**WORK TO COMPLETE**
Copy the records word for word. Pictures do not go in.

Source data

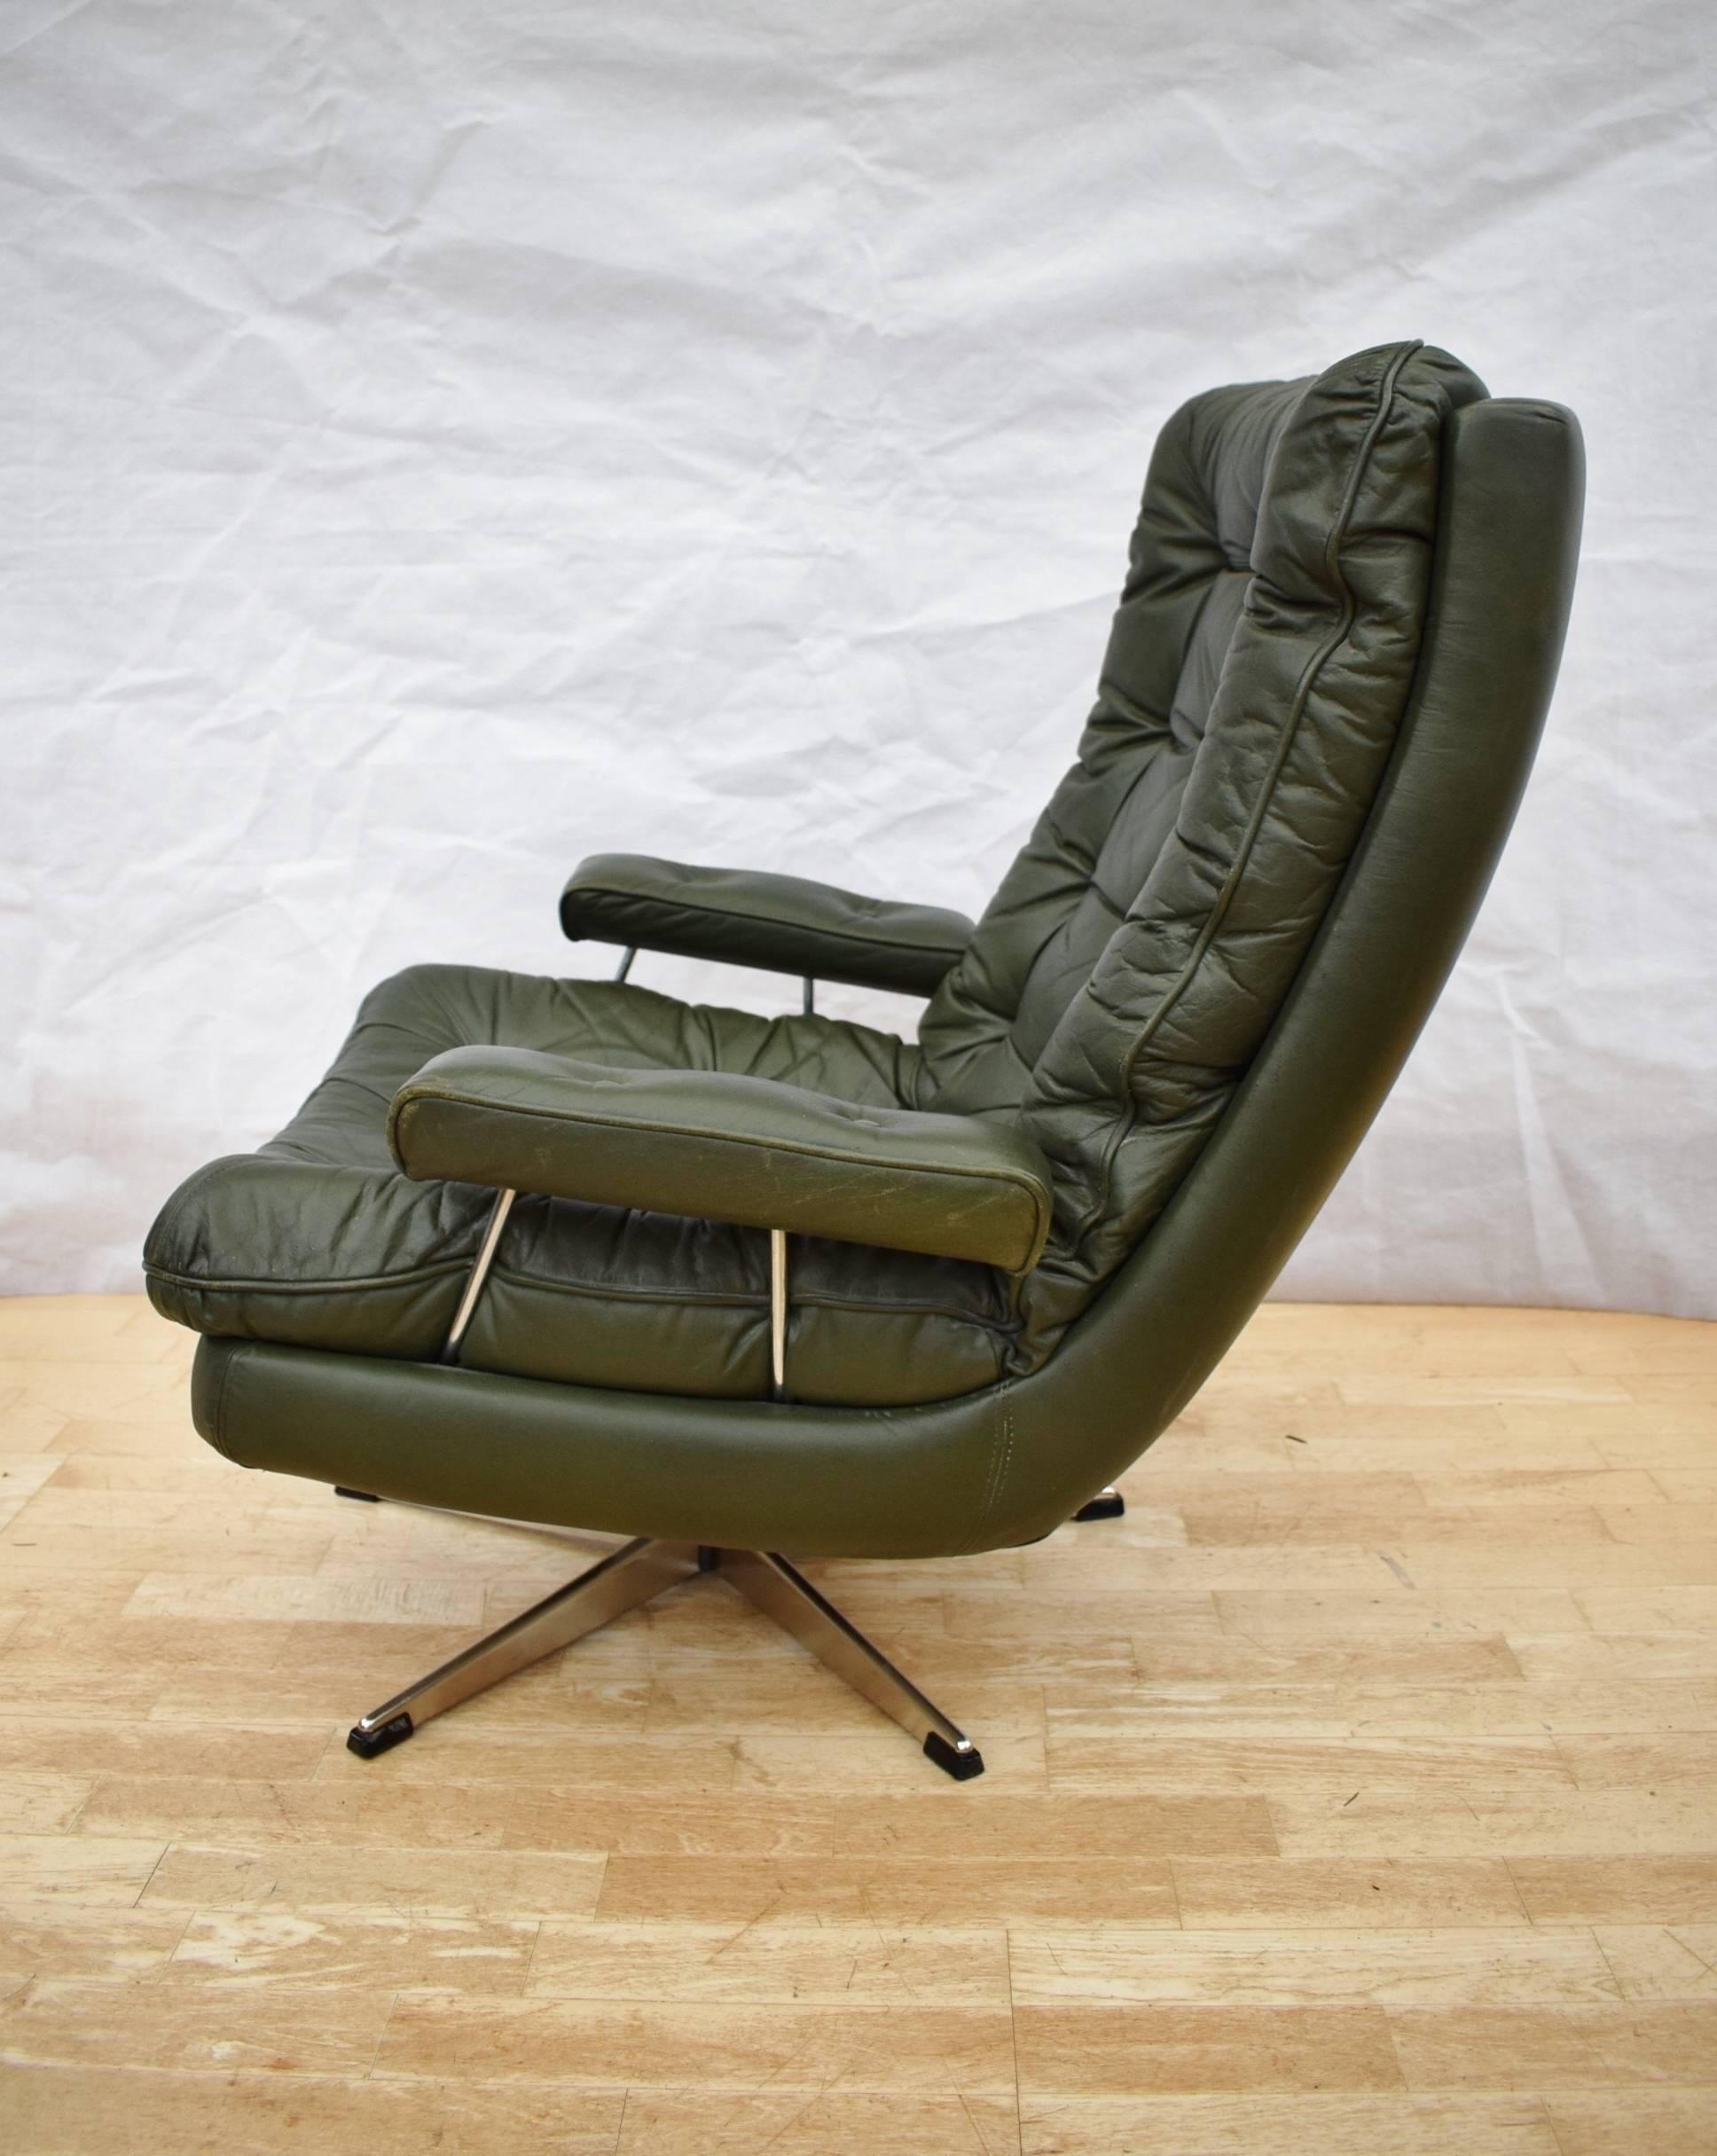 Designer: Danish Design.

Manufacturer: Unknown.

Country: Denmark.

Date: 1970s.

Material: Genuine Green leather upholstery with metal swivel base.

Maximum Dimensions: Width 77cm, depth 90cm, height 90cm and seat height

**RESPONSE FOR THIS EXERCISE**
 Designer: Danish Design.

Manufacturer: Unknown.

Country: Denmark.

Date: 1970s.

Material: Genuine Green leather upholstery with metal swivel base.

Maximum Dimensions: Width 77cm, depth 90cm, height 90cm and seat height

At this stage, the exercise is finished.